Die Präsidentin des Nationalen Bund der Hausangestellten Creuza Maria de Oliveira bei ihren Ausführungen am Dienstagabend in Wien. Links neben ihr: Silke Tribukait von der Aktionsgemeinschaft Solidarische Welt.

Foto: Claudia Dal-Bianco/Frauensolidarität

"Schon mit zehn Jahren haben ich als Hausangestellte gearbeitet. Schreiben, Lesen und Rechnen lernte ich erst mit 16 Jahren. Während der Arbeit hörte ich im Radio, dass sich Hausangestellte gewerkschaftlich organisieren", erzählt Creuza Maria de Oliveira über ihren Einstieg in die Arbeitswelt.
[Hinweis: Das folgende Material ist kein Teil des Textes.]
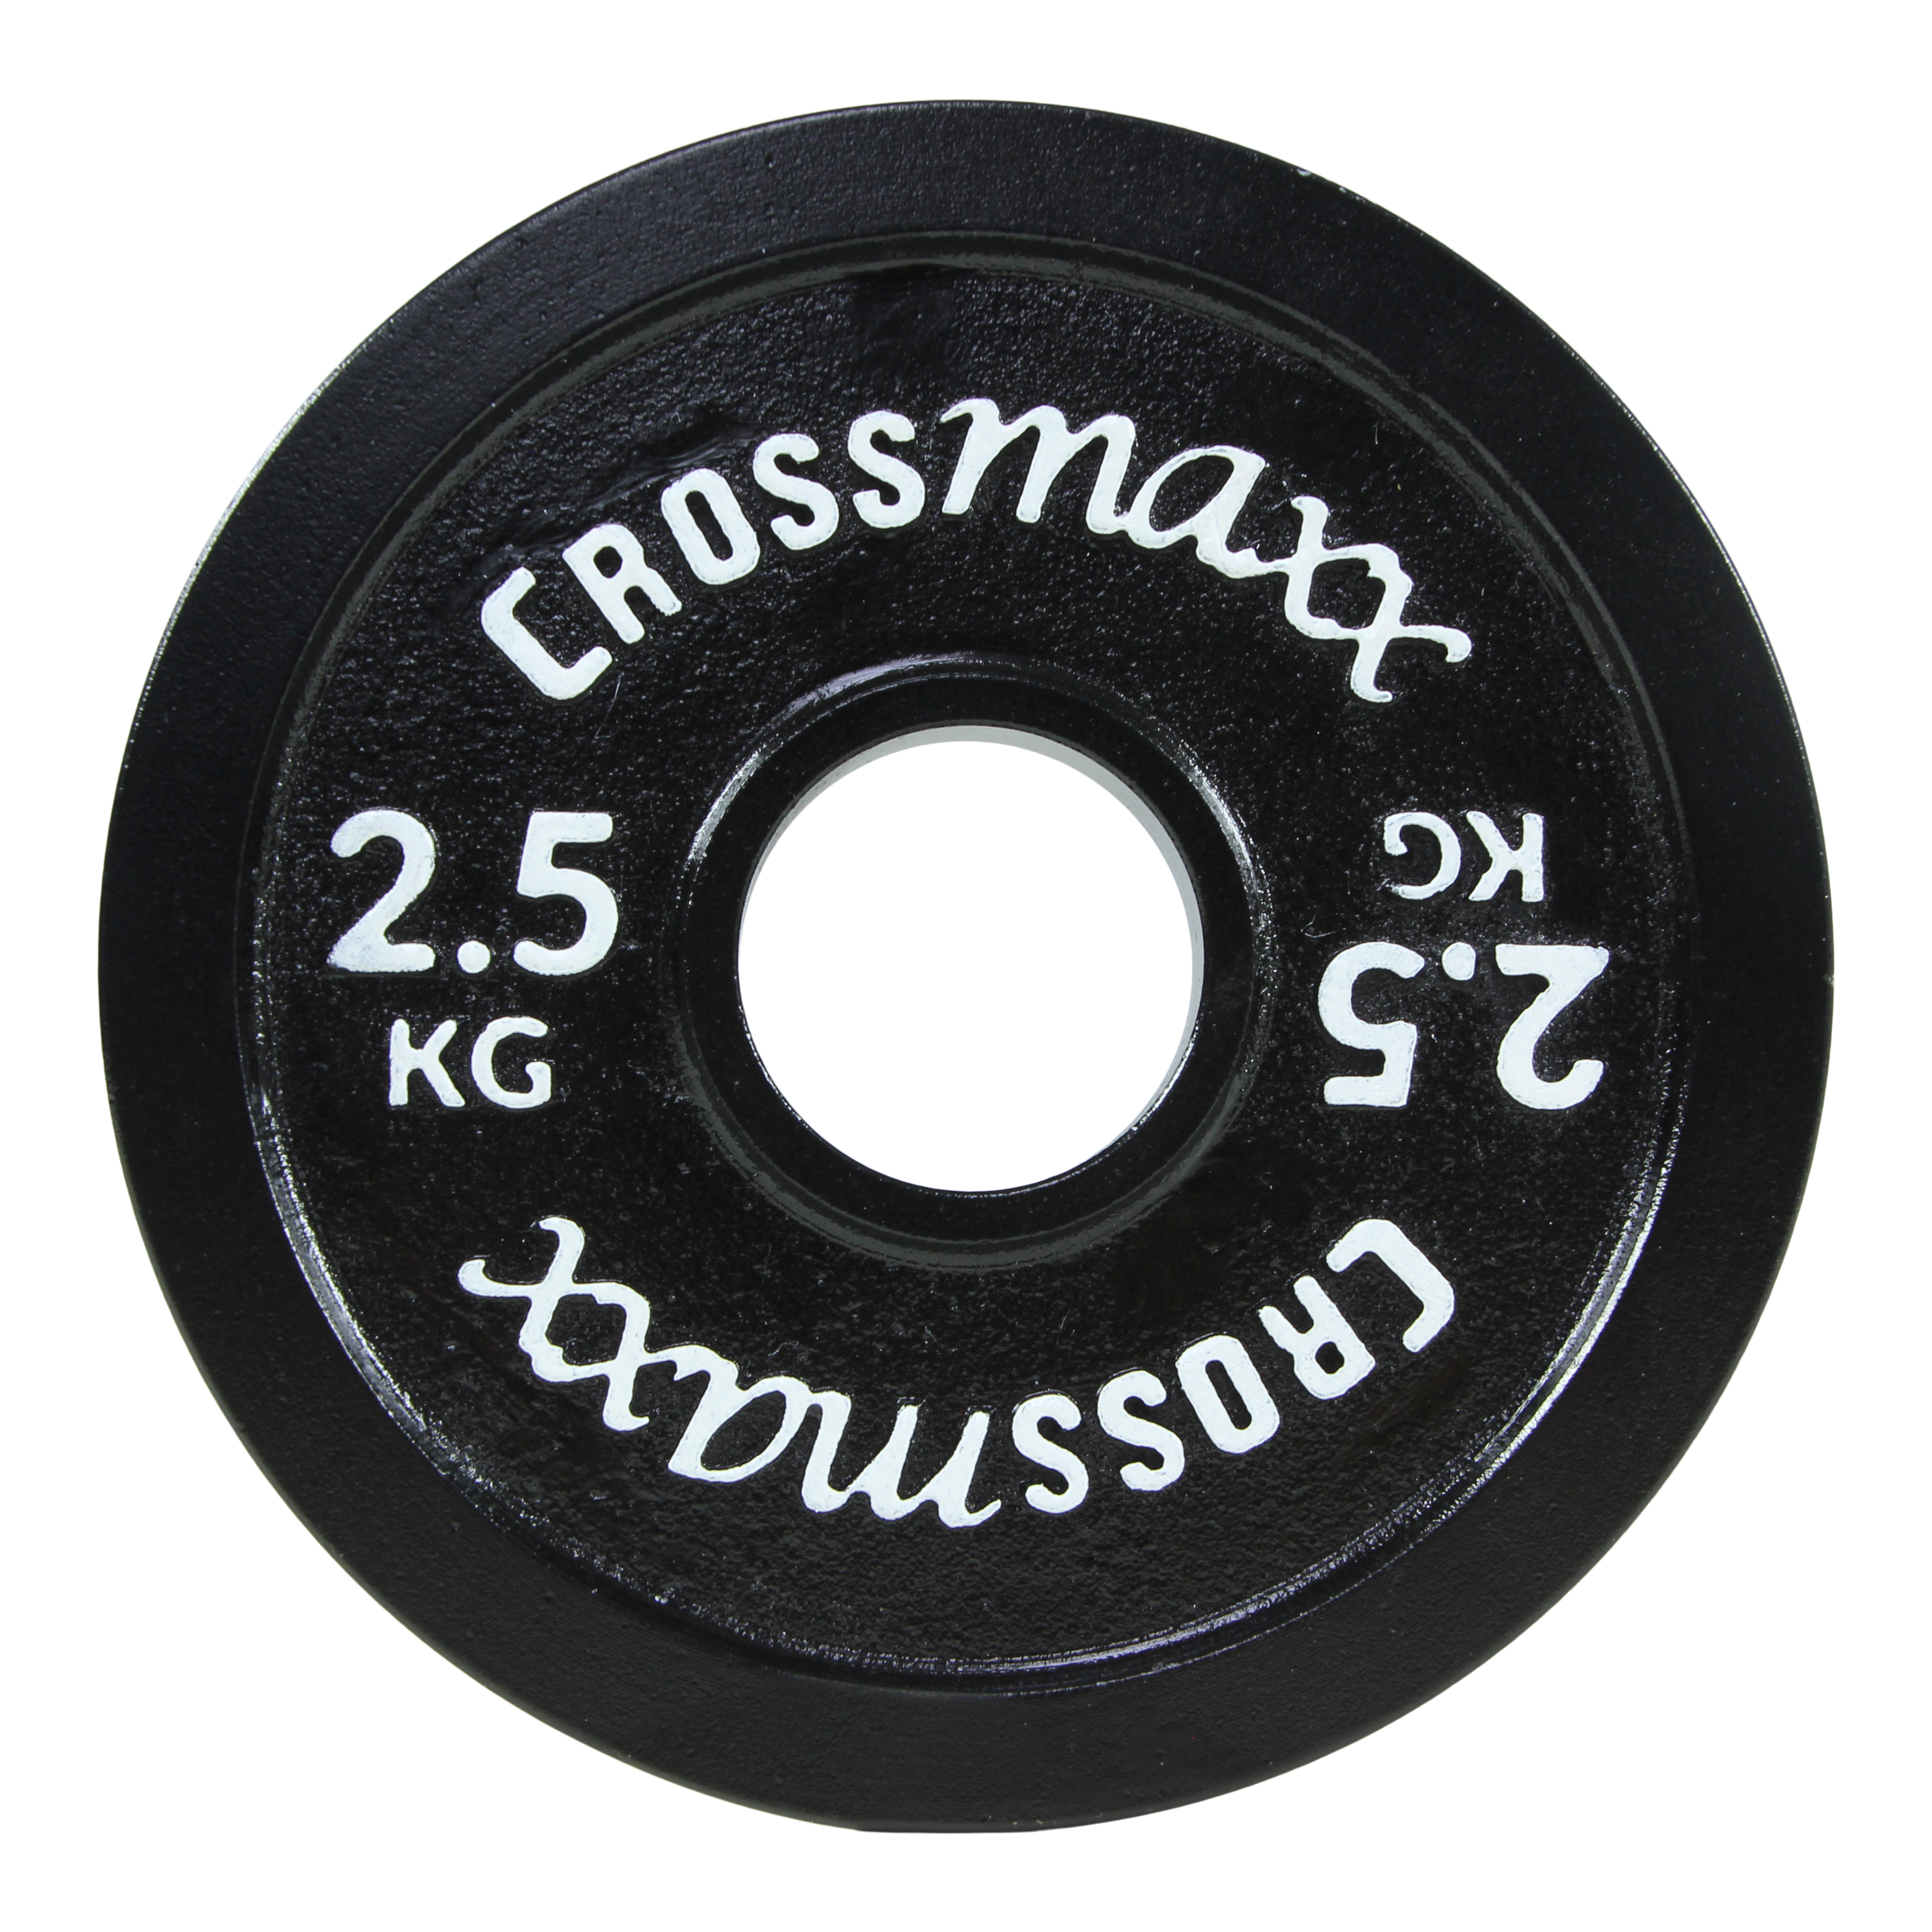 Crossmaxx kalibreret vægtskive 2,5 kg i støbejern til styrkeløft – sort

Heute ist die Brasilianerin Präsidentin des Nationalen Bund der Hausangestellten (FENATRAD). Dienstagabend präsentierte sie ihm Rahmen einer Veranstaltung der Frauensolidarität und der Aktionsgemeinschaft solidarische Welt in Wien Strategien zur Selbstorganisation von Hausangestellten.

Gleich zu Beginn ihrer Darstellungen lässt sie die ZuhörerInnen wissen, dass sie „seit 25 Jahren eine militante Kämpferin für Hausangestellte" ist. Und der letzte große Erfolg liegt erst wenige Wochen zurück: Beim 100. Kongress der Internationalen ArbeiterInnen Organisation (International Labour Organization - ILO) am 16. Juni in Genf wurde die Konvention 189 „Menschenwürdige Arbeit für Hausangestellte" verabschiedet.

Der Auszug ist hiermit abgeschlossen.